> **EXERCISE**: In the listing below, the lines starting at the line with "Direct Tax Flowchart" and ending at the line with "Water Bottle Holder, Can Holder" are to be output verbatim. Images stay out of the copy.

> **RECORD EXCERPTS**:
-*-*-

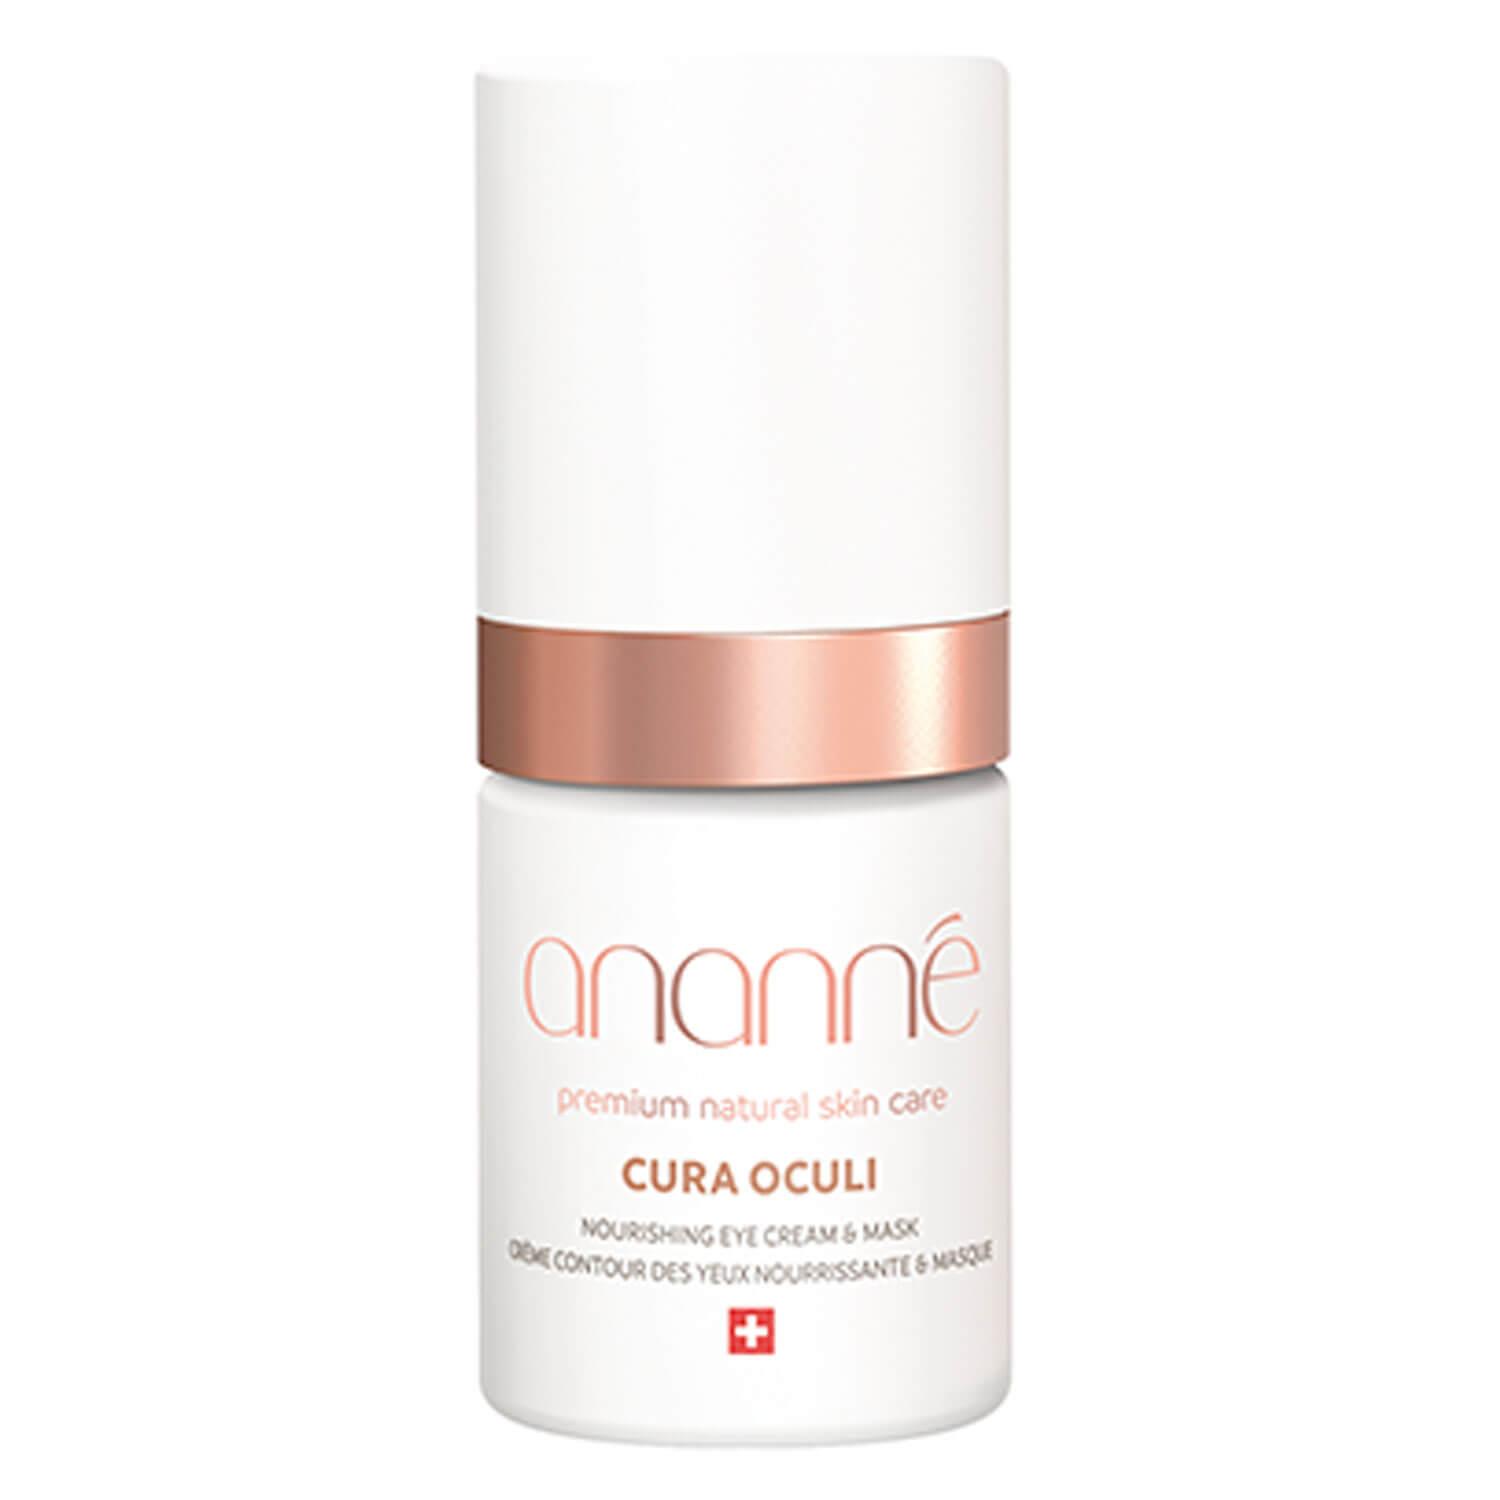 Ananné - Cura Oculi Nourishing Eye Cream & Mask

-*-*-

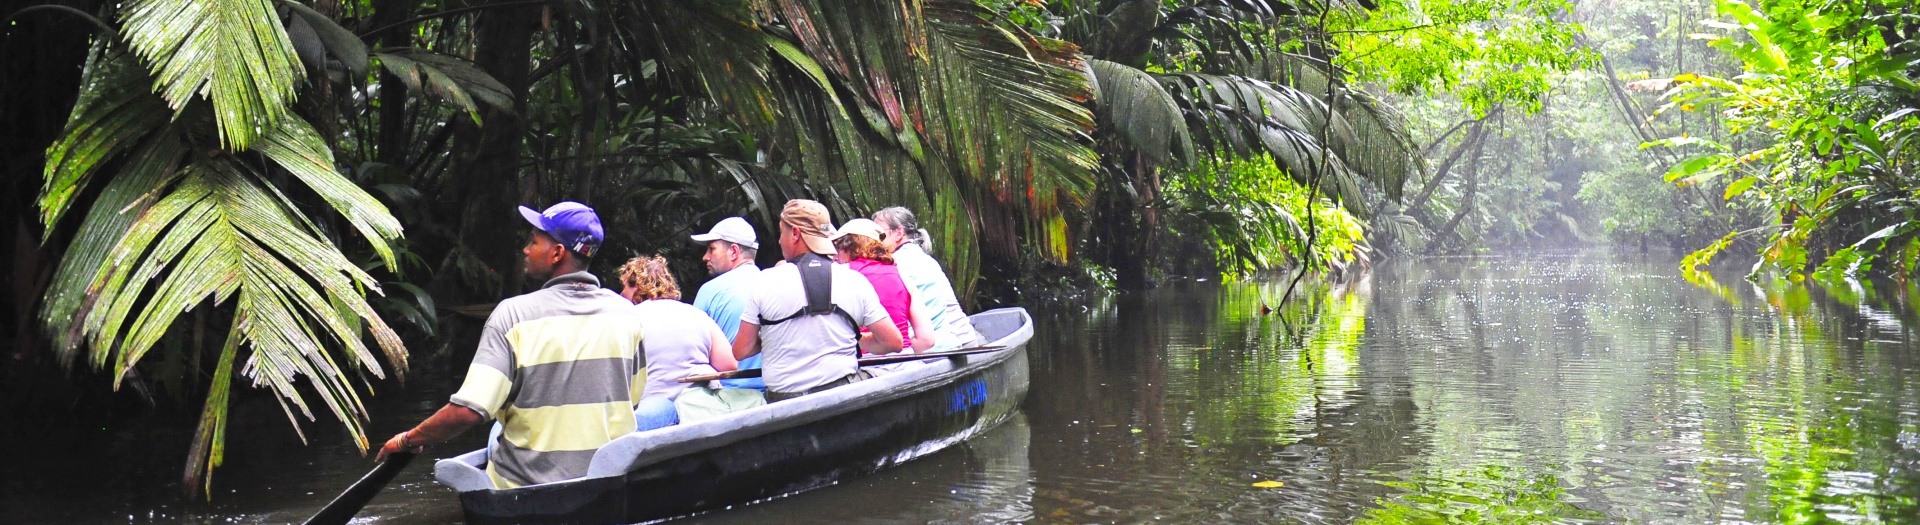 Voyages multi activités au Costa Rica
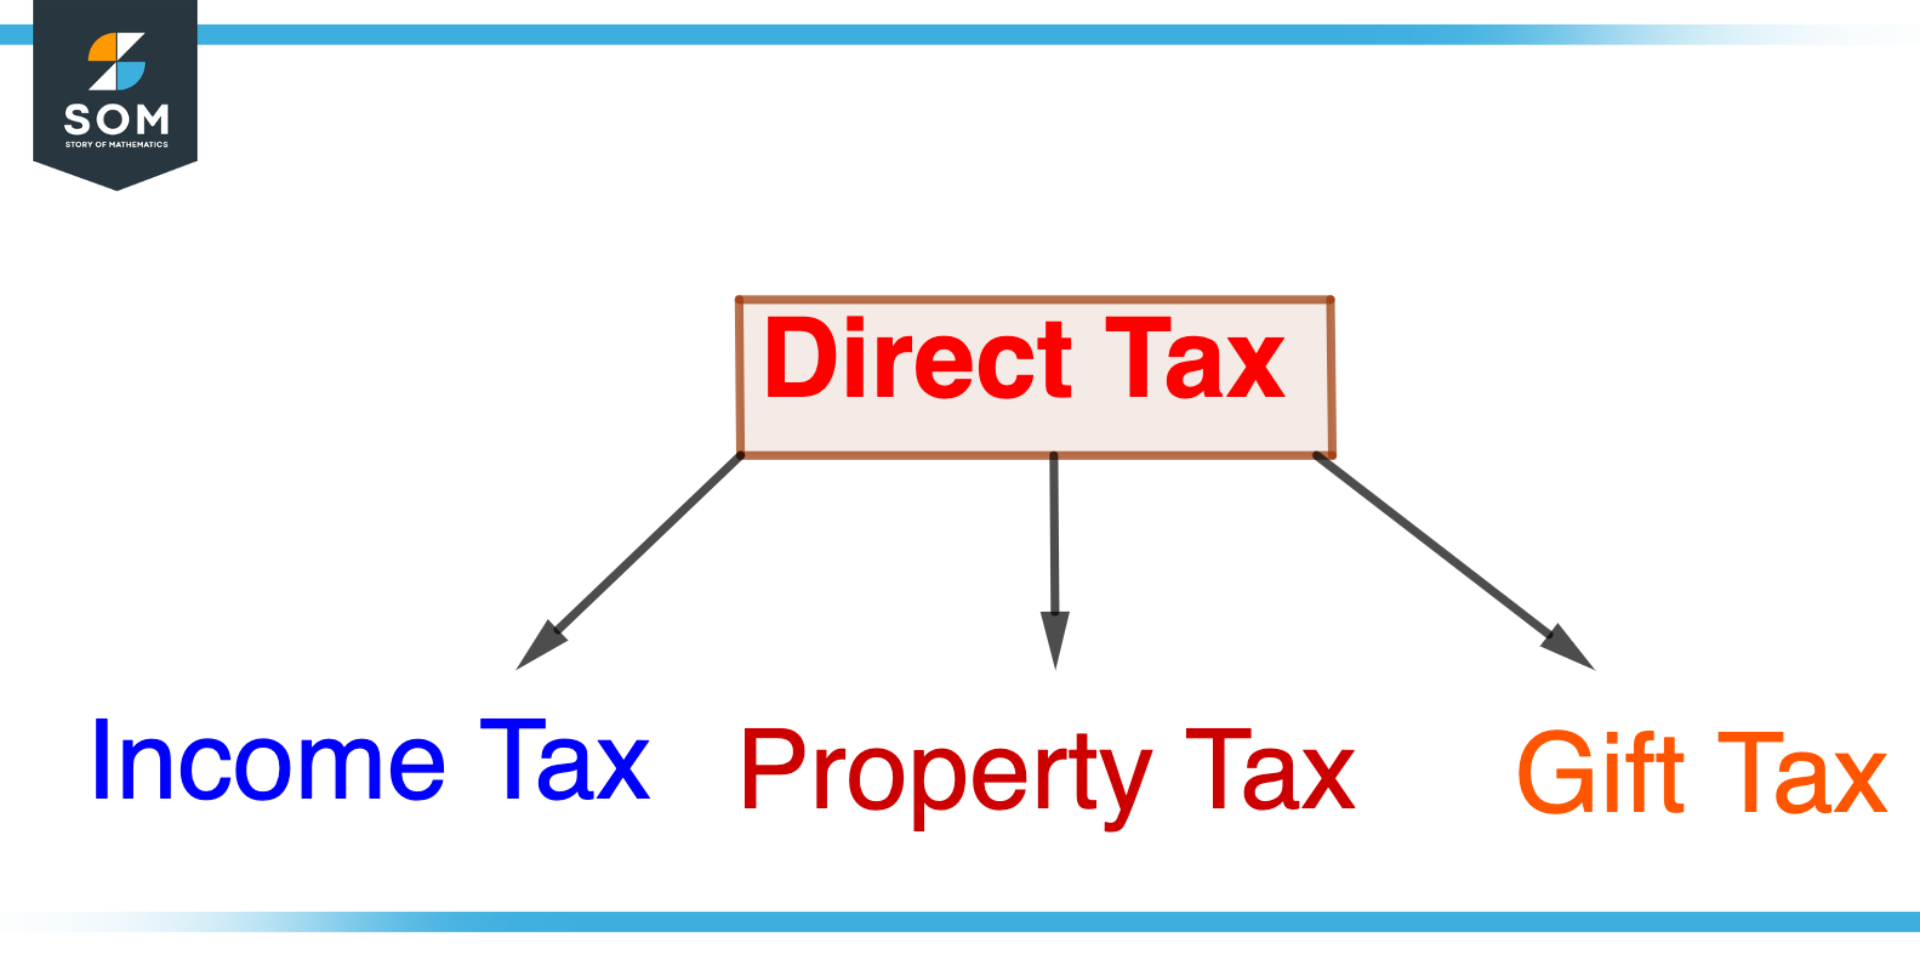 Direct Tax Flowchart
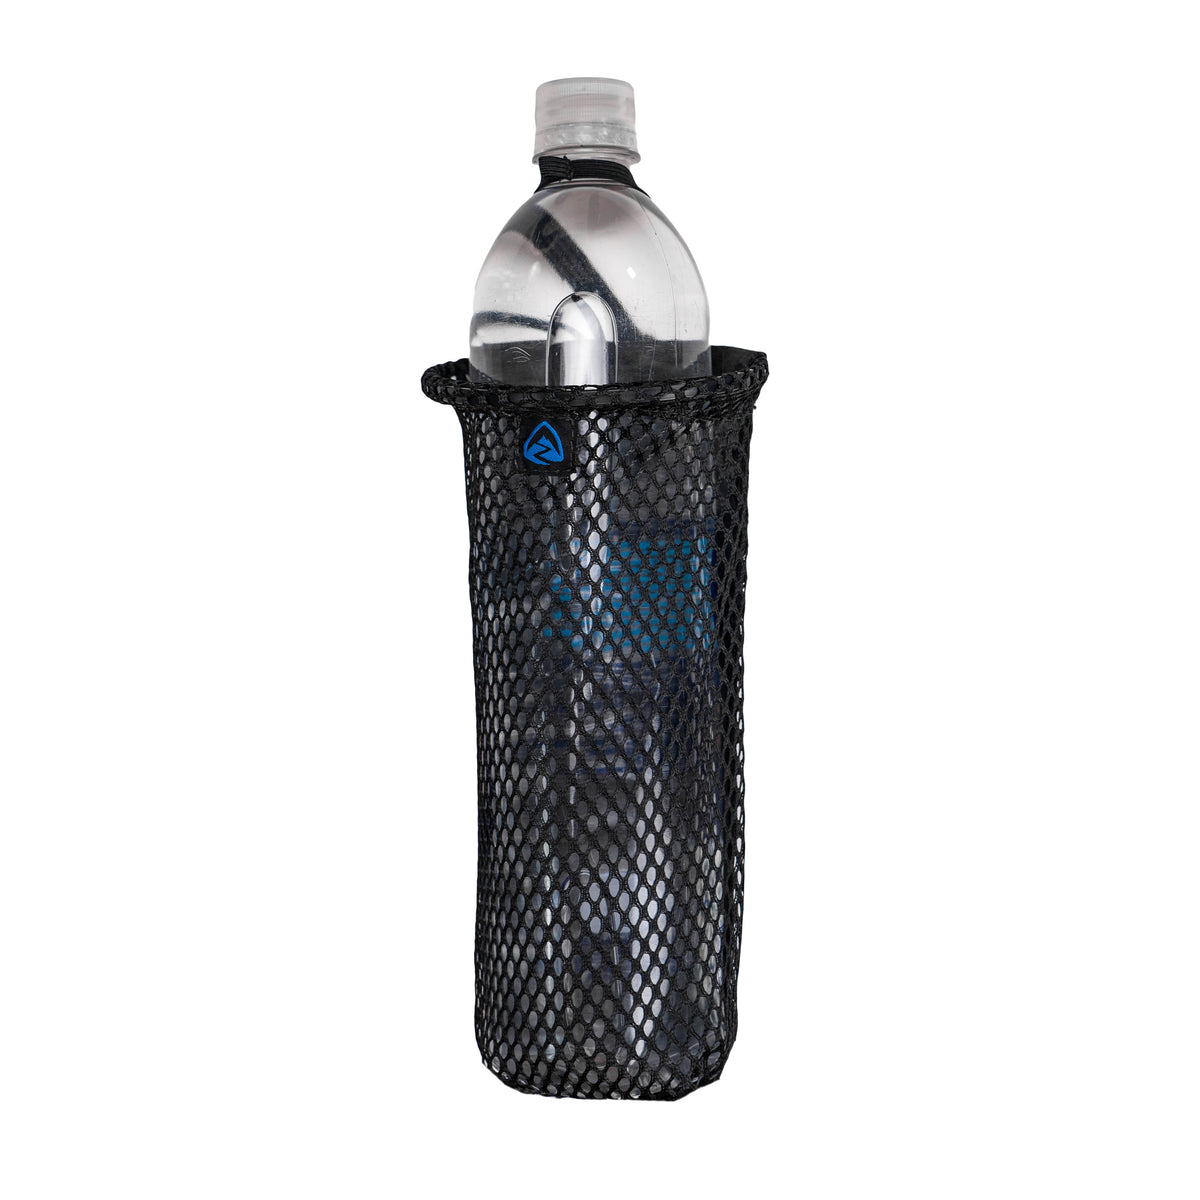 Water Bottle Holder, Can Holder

-*-*-

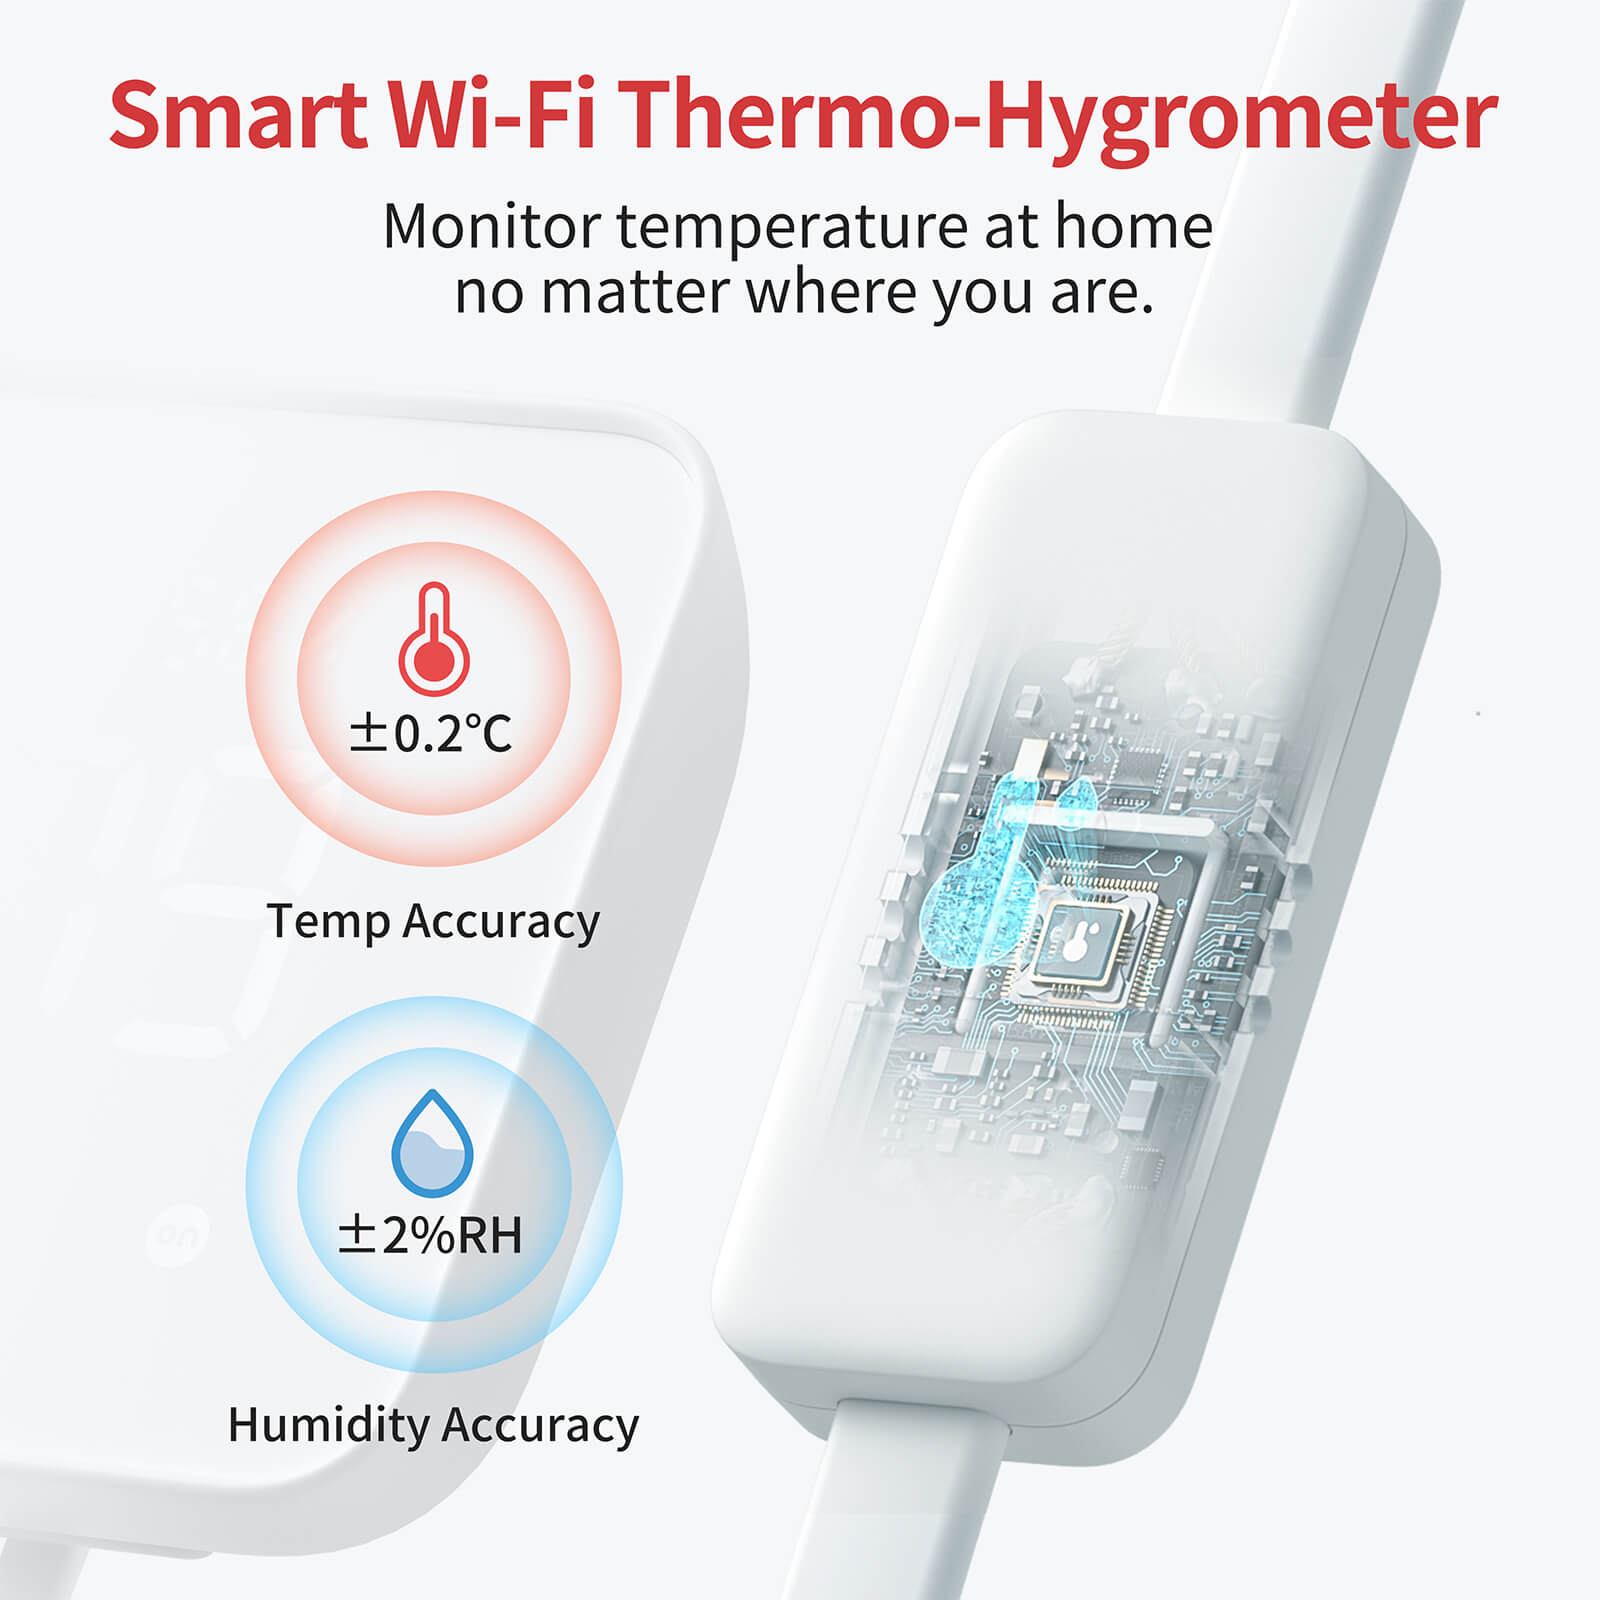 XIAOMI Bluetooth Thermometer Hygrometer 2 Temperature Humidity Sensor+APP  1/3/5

-*-*-

> **ANSWER TO THE PROBLEM**:
 Direct Tax Flowchart
 Water Bottle Holder, Can Holder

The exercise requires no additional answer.